Third, liver fibrosis, teleologically aimed at limiting tissue integrity by circumscribing offending agents, describes an excess accumulation of extracellular matrix components [23]. Liver fibrosis results from persistent liver injury owing to variable insults, including i) chronic viral hepatitis; ii) toxic injury, for example, owing to chronic excess alcohol consumption; iii) injury associated with metabolic dysfunction, such as typically observed in the NAFLD/NASH arena [24]. Whenever liver fibrosis, from a mechanism of organ defense, turns dysfunctional owing to prolonged inflammation and excessive fibrotic response, liver regeneration and function will be compromised, culminating in portal hypertension, risk of complicated cirrhosis and development of hepatocellular carcinoma, which, globally, result in increased clinical burden and healthcare expenditures [23,25]. The grounds underlying the association of liver fibrosis and DR are incompletely defined. On the one hand, both liver fibrosis and DR may result from a “common soil” of insulin resistance, metabolic dysfunction, increased oxidative stress, and sterile metabolic inflammation (i.e., metaflammation), eventually conducive to repeated bouts of cell stress, death, and fibrosing wound response in the liver, the kidneys [26,27], and, by inference, the retinal tissue. On the other hand, the steatotic and chronically inflamed liver, particularly in NASH, and MASH could serve as an amplifier and a perpetuator of systemic insulin resistance and subclinical low-grade chronic inflammatory state [28], eventually conducive to damage of the microvasculature of retina in a proportion of individuals.

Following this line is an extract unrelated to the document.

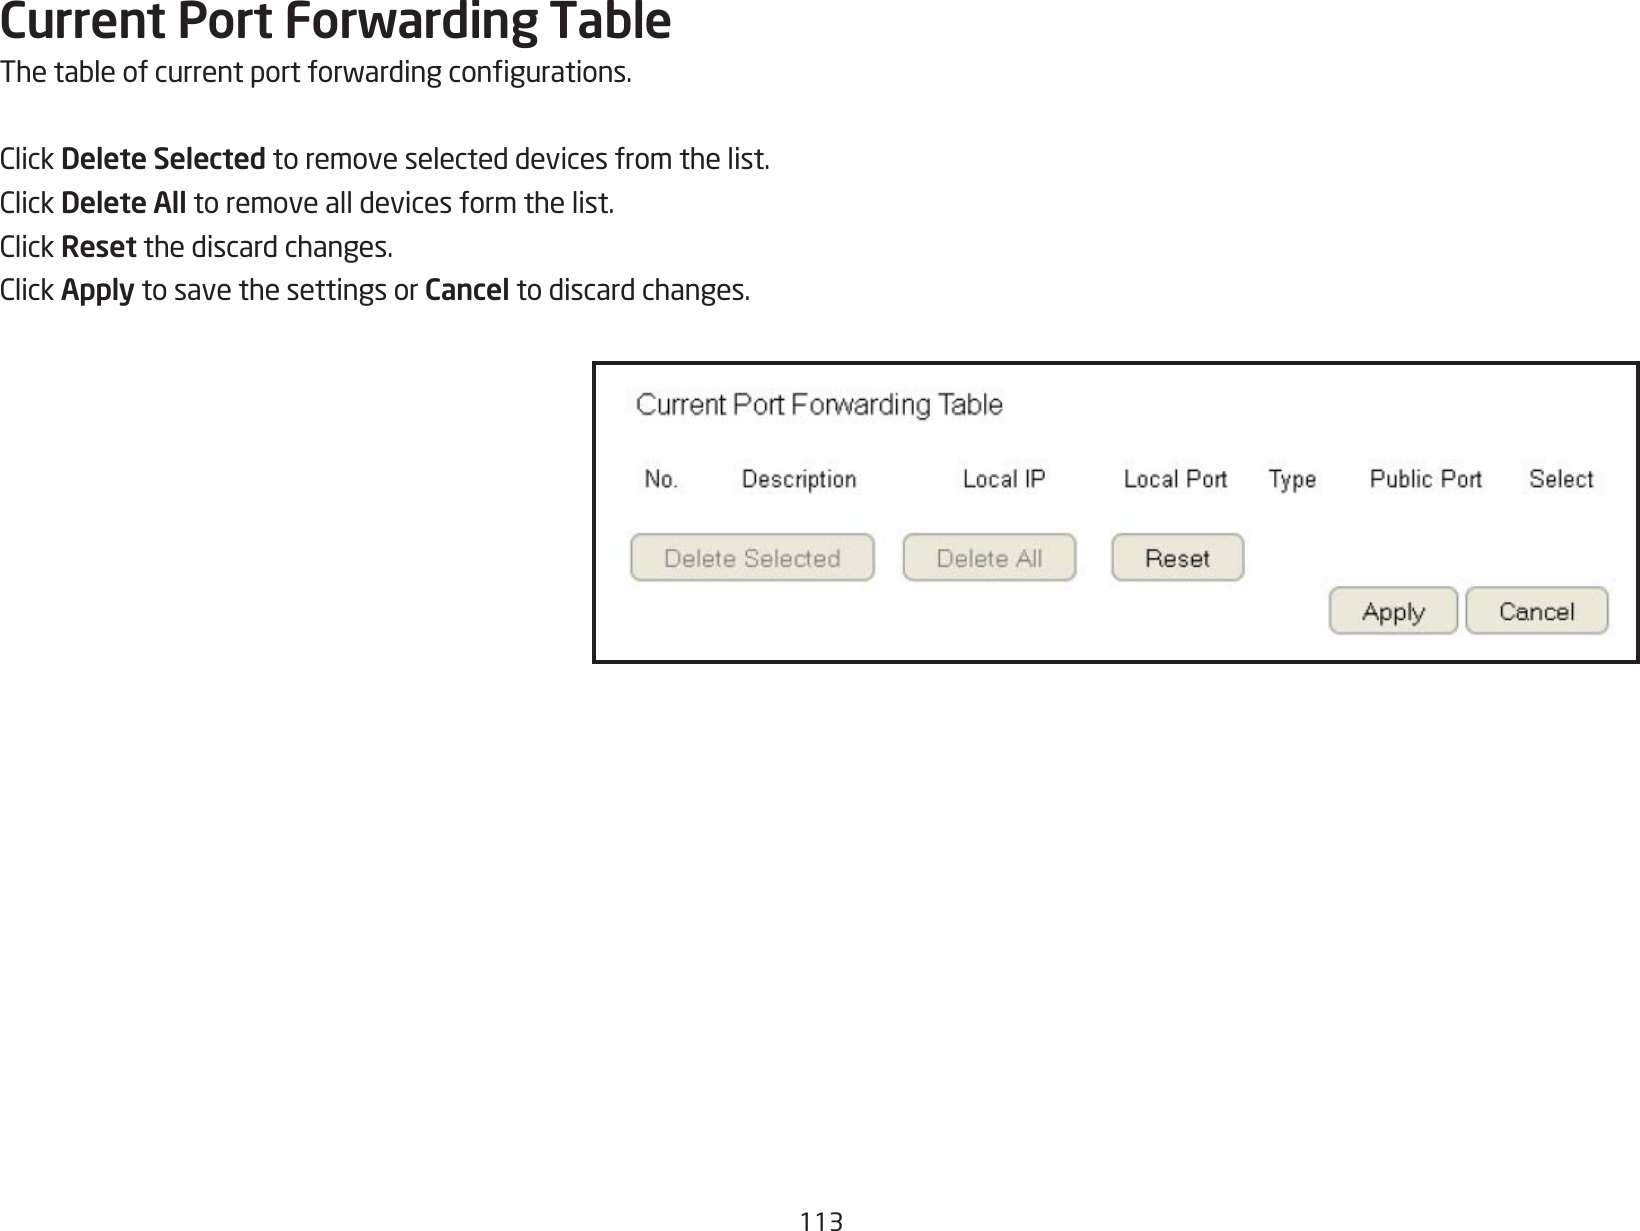 113Current Port Forwarding TableThetableofcurrentportforwardingcongurations.ClickDelete Selected to remove selected devices from the list.ClickDelete All to remove all devices form the list.ClickReset the discard changes.ClickApply to save the settings or Cancel to discard changes.

Probably, one of the most difficult challenges in clinical practice is to push clinicians from different areas of expertise to work together in the setting of multi-disciplinary teams. However, such multi-expert teams are exactly what we would need to utilize the mutually interactive information deriving from the retina and from the liver. For example, the hepatologist should be aware of the risk of DR and refer his/her patients with advanced dysmetabolic SLD to the ophthalmologist. Similarly, the opthalmologist/diabetologist who happens to observe a case of DR should promptly refer the patient for hepatological assessment.

Individuals presenting with NAFLD/NASH, MAFLD/MASLD and concurrent DR are likely to harbor CKD, diabetic neuropathy, and enhanced cardiovascular risk in the context of more advanced liver fibrosis. Prompt recognition of this syndromic picture by expert and dedicated clinicians will trigger comprehensive multi-organ assessment, such as appropriate for a potentially severe systemic disorder.

In this context, strategies aimed at targeting triage for advanced liver fibrosis among those at-risk groups of individuals undoubtedly play a major role [29]. From the therapeutic point of view, these patients exhibiting advanced liver fibrosis in the setting of diabetes may benefit from a variety of marketed drugs and others in the pipeline, including pioglitazone, glucagon-like peptide 1 receptor antagonists, sodium–glucose transporter 2 inhibitors, Fibroblast Growth Factor analogues, Farnesoid X receptor agonists, peroxisomeproliferator–activated receptor agonists, and the liver-directed, β-selective THR agonist resmetirom [30,31].

Additional studies should explore the role of serum levels of mac-2 binding protein and galectin 1 [32,33] as biomarkers of systemic fibrosing disease potentially involving eyes, the kidneys, and the liver, as well as of galectin 1 as a target of selective anti-fibrotic pharmacological intervention [33].